Important Note: Unfortunately, wireless interfaces cannot be attached to a Linux host bridge, so if your connection to the external network is via a wireless interface ("wlanX"), you will not be able to use this mode of networking for your guests.
Important Note: If, after trying to use the bridge interface, you find your network link becomes dead and refuses to work again, it might be that the router/switch upstream is blocking "unauthorized switches" in the network (for example, by detecting BPDU packets). You'll have to change its configuration to explicitly allow the host machine/network port as a "switch".
Fedora/RHEL Bridging
This outlines how to setup briding using standard network initscripts
Disabling Xen's network scripts
If using Xen it is recommended to disable its network munging by editing /etc/xen/xend-config.sxp and changing the line
(network-script network-bridge)
To be
(network-script /bin/true)
Disabling NetworkManager
As of the time of writing (Fedora 12), NetworkManager still does not support bridging, so it is necessary to use "classic" network initscripts for the bridge, and to explicitly mark them as independent from NetworkManager (the "NM_CONTROLLED=no" lines in the scripts below).

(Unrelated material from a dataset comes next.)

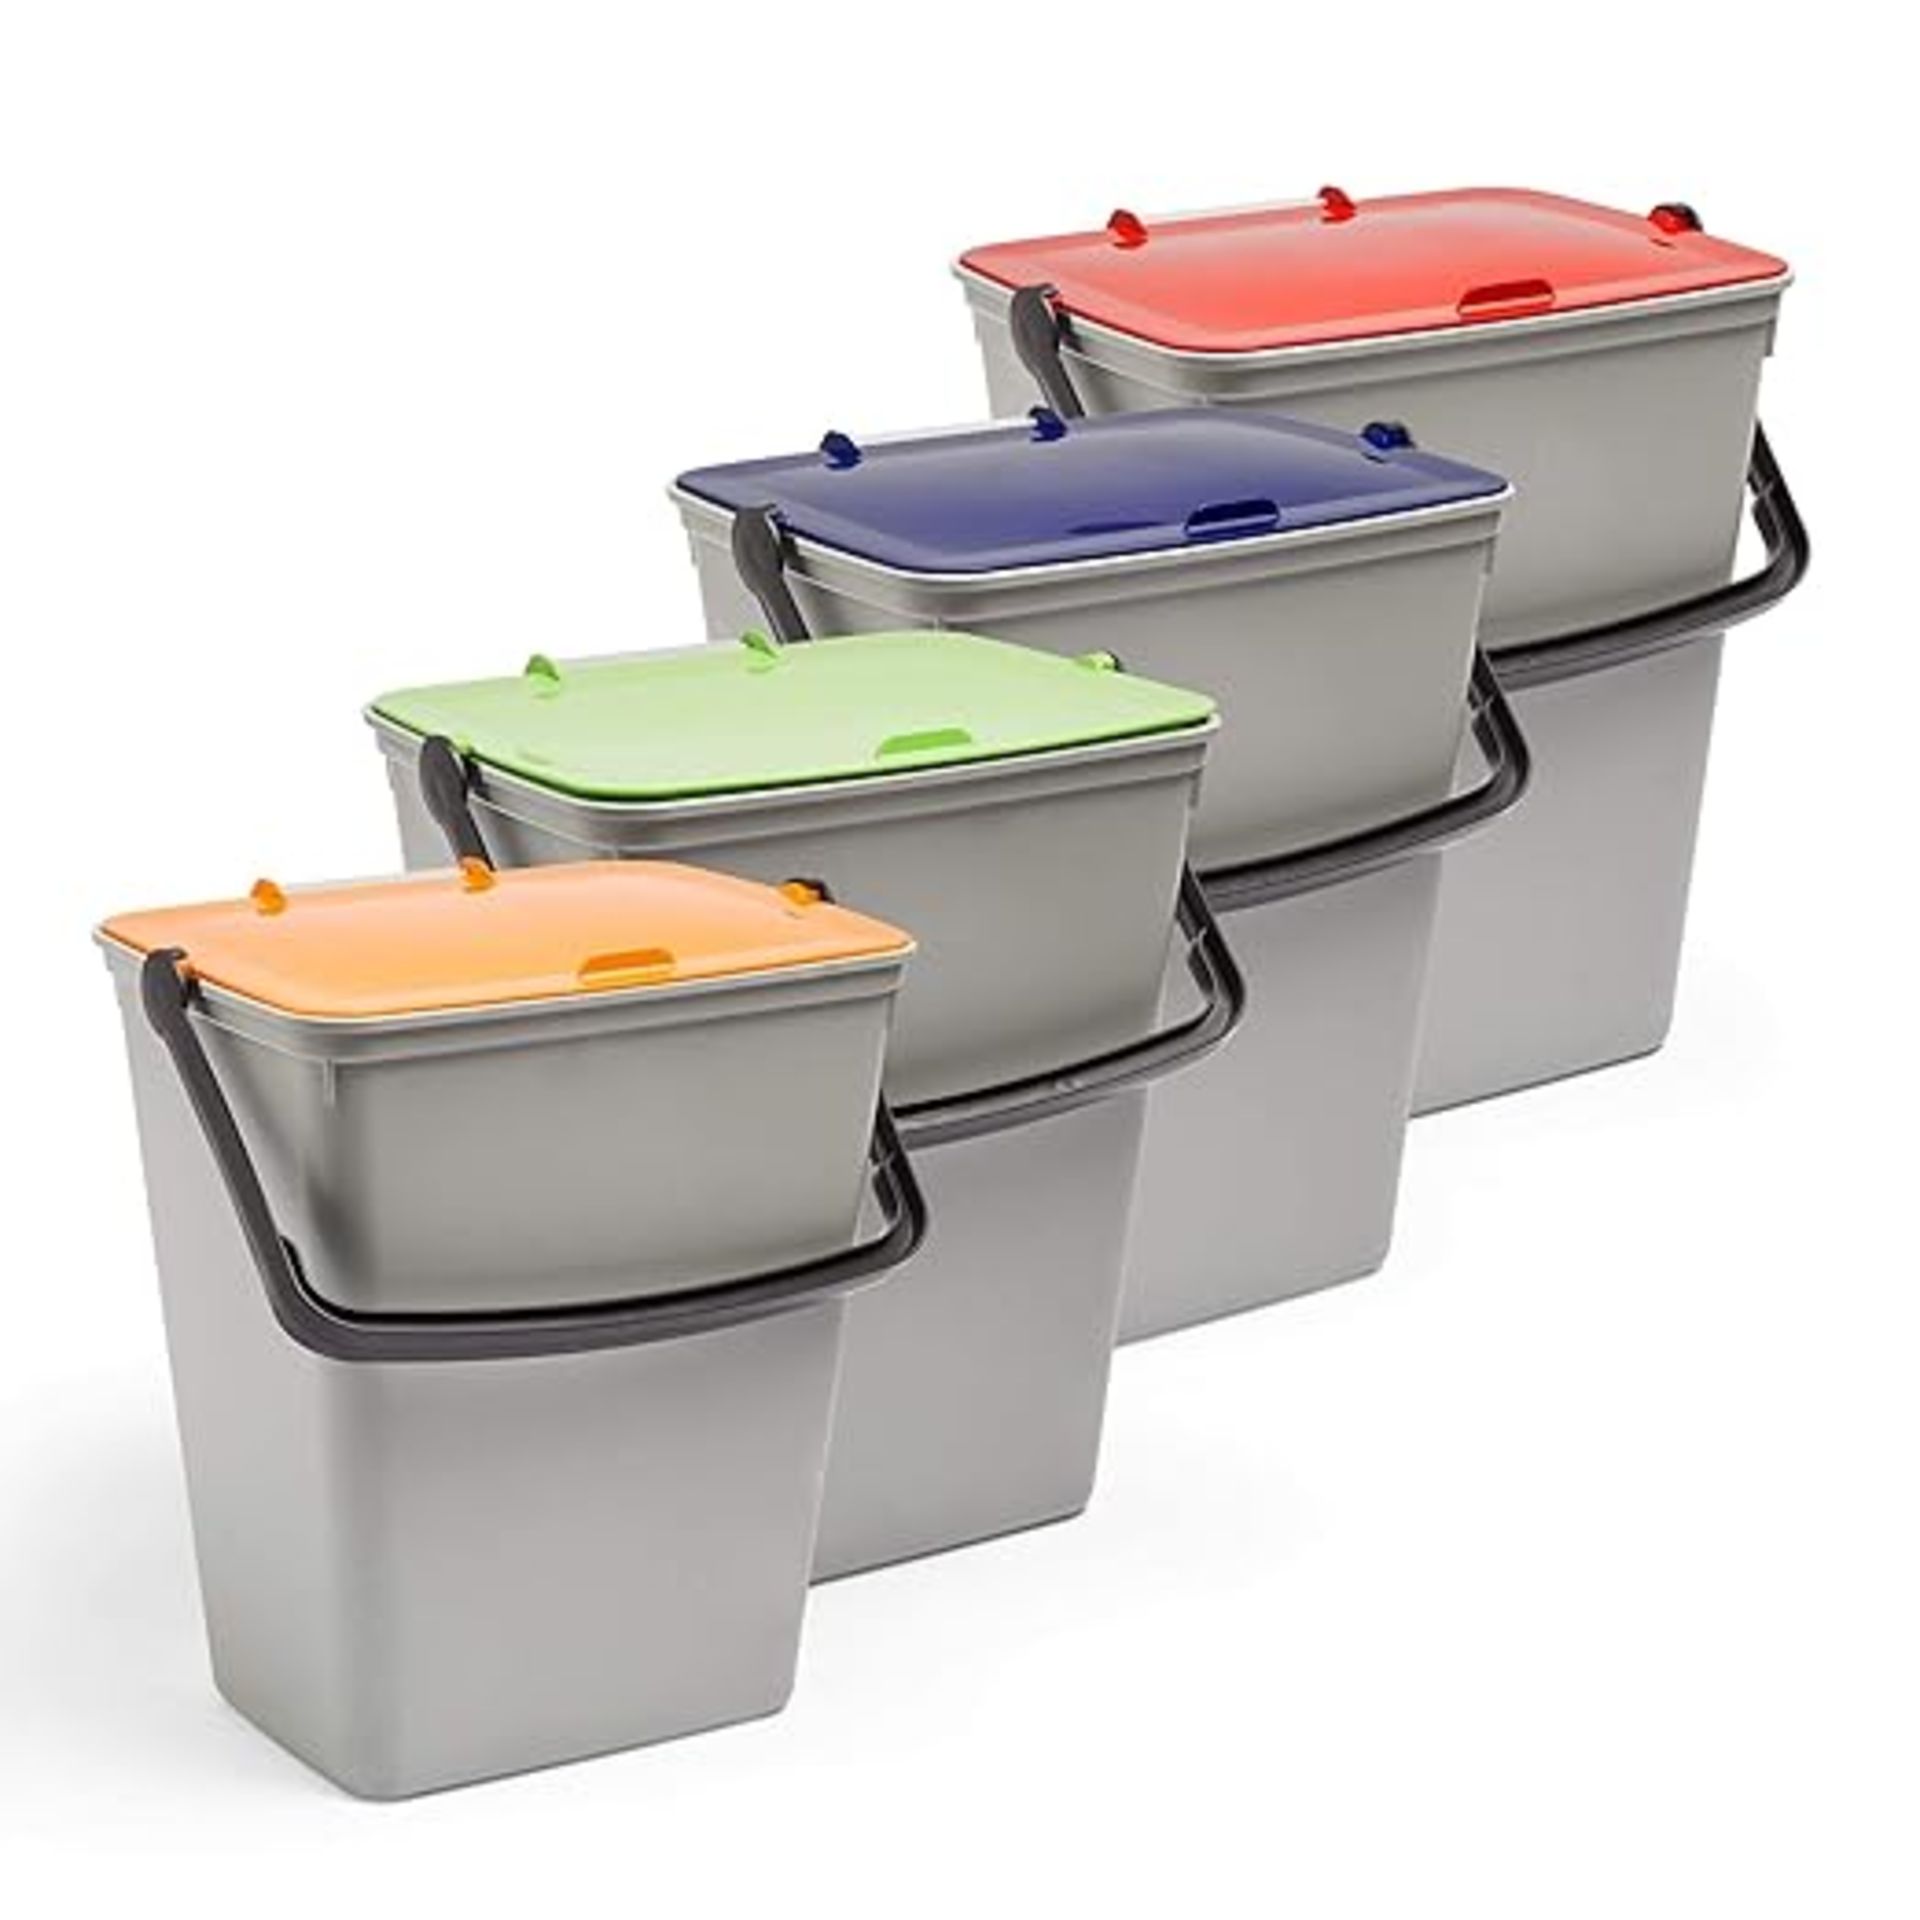 Recycling Bins for Kitchen Set of Four, 4 x 15L Colour-Coded Waste & Recycle Bins w/Handle &

If desired, you can also completely disable the NetworkManager:
# chkconfig NetworkManager off # chkconfig network on # service NetworkManager stop # service network start
Creating network initscripts
In the /etc/sysconfig/network-scripts directory it is neccessary to create 2 config files. The first (ifcfg-eth0) defines your physical network interface, and says that it will be part of a bridge:
# cat > ifcfg-eth0 <<EOF DEVICE=eth0 HWADDR=00:16:76:D6:C9:45 ONBOOT=yes BRIDGE=br0 NM_CONTROLLED=no EOF
Obviously change the HWADDR to match your actual NIC's address. You may also wish to configure the device's MTU here using e.g. MTU=9000.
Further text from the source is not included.